Chest. 1990 Mar;97(3):528-33. doi: 10.1378/chest.97.3.528.

Abstract

Thirteen patients with acute pulmonary embolism were treated in a randomized double-blind fashion either with recombinant tissue plasminogen activator (rt-PA) 40 to 80 mg, usually in combination with heparin, or with placebo plus heparin. The drug was administered intravenously over 40 to 90 minutes. Nine patients received rt-PA, and four received placebo. A lytic effect was observed 1.5 and three hours after the onset of therapy with rt-PA based upon elevated levels of fragment-D dimers.

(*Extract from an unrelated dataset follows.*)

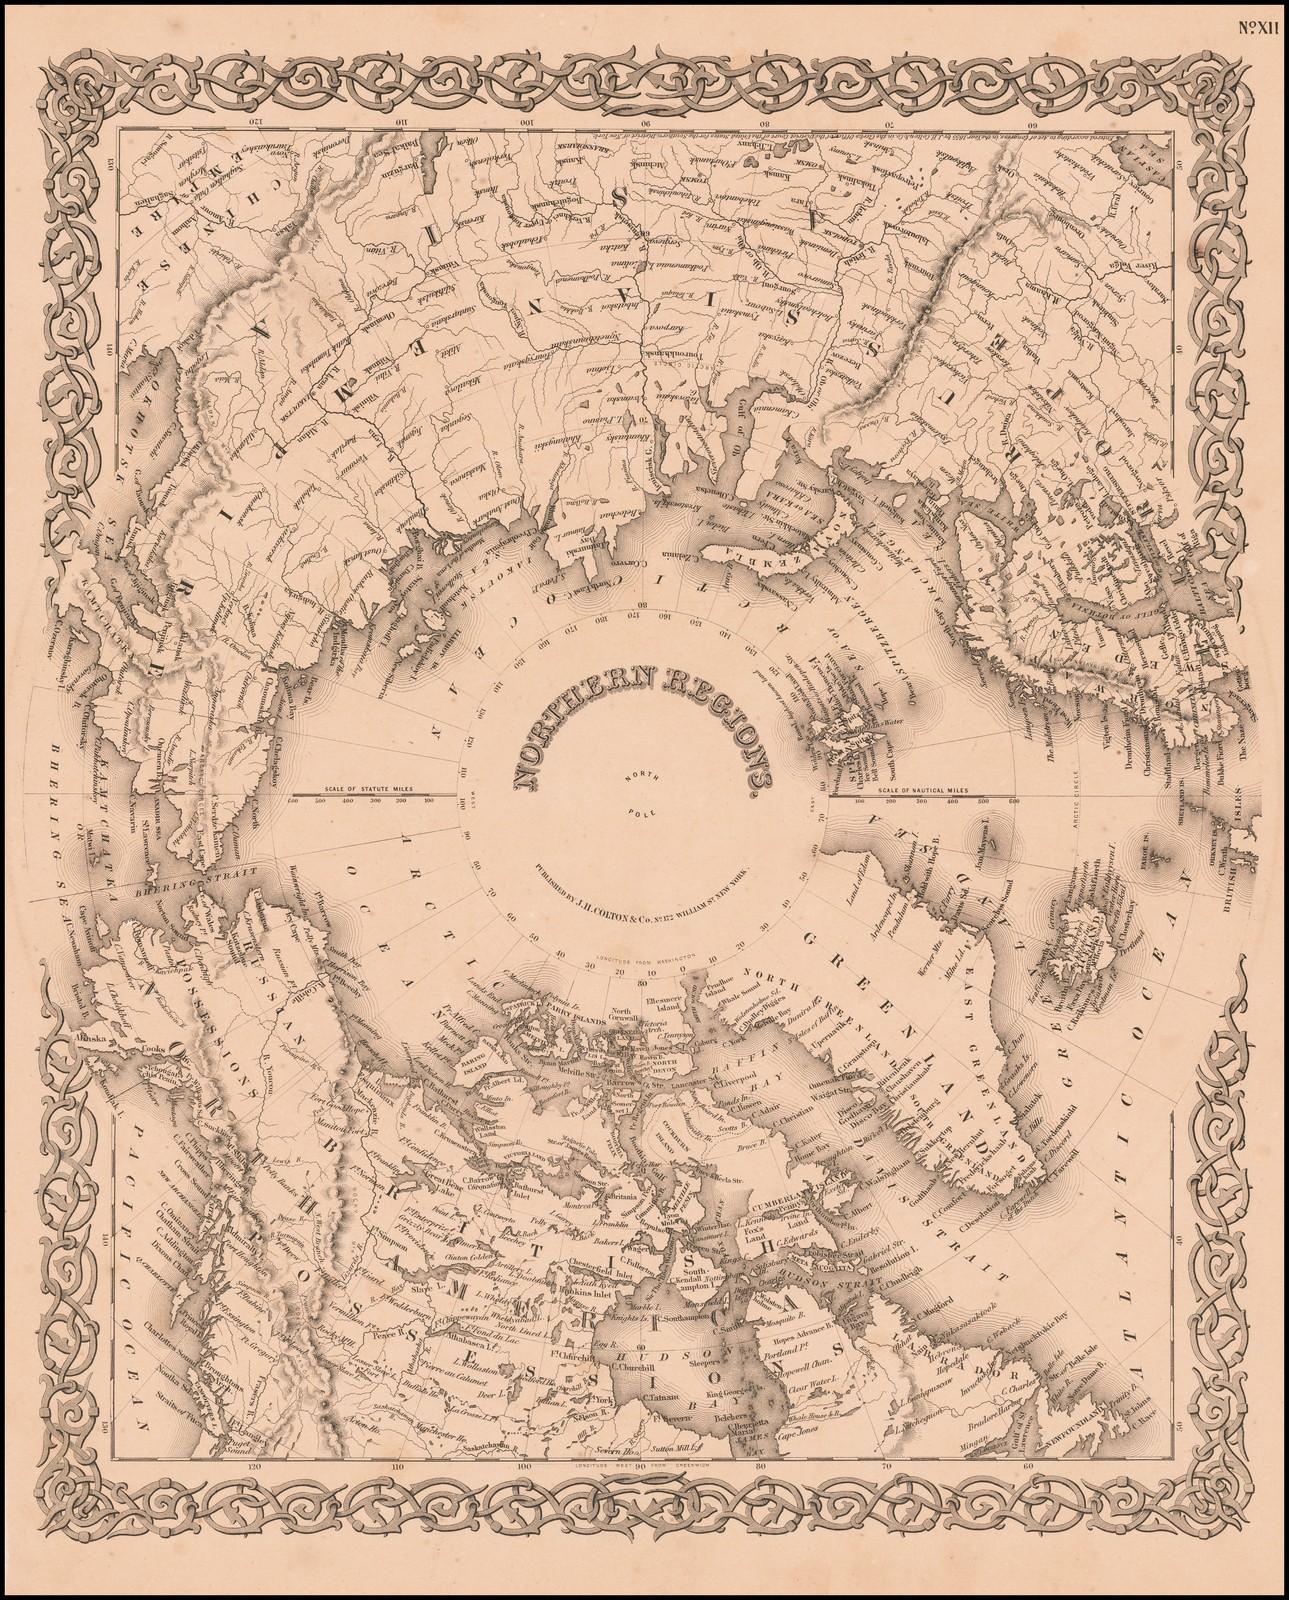 Подробная карта регионов вокруг Северного полюса, опубликованная Джозефом Колтоном в Нью-Йорке

Among the patients who received rt-PA, there was a modest improvement of the total pulmonary resistance 1.5 hours after the start of therapy, but the angiograms showed no significant changes in two hours. After 24 hours, the lung scans showed a trend toward greater improvement with rt-PA, but the rate of improvement in comparison to control subjects was not statistically significant. Massive bleeding occurred in one patient. The observations in this study suggest that rt-PA has little effect in two hours on angiographic clot burden, but may produce some improvement in hemodynamics. The treatment, however, is not without risk.

摘要

13例急性肺栓塞患者以随机双盲方式接受治疗,其中9例接受40至80毫克重组组织型纤溶酶原激活剂(rt-PA)治疗,通常联合肝素使用;另外4例接受安慰剂加肝素治疗。药物在40至90分钟内静脉输注。9例患者接受rt-PA治疗,4例接受安慰剂治疗。基于D-二聚体水平升高,在rt-PA治疗开始后1.5小时和3小时观察到溶栓效果。在接受rt-PA治疗的患者中,治疗开始后1.5小时总肺阻力有适度改善,但血管造影显示两小时内无明显变化。24小时后,肺部扫描显示rt-PA治疗有更大改善的趋势,但与对照组相比改善率无统计学意义。1例患者发生大出血。本研究的观察结果表明,rt-PA在两小时内对血管造影显示的血栓负荷影响不大,但可能在血流动力学方面产生一些改善。然而,这种治疗并非没有风险。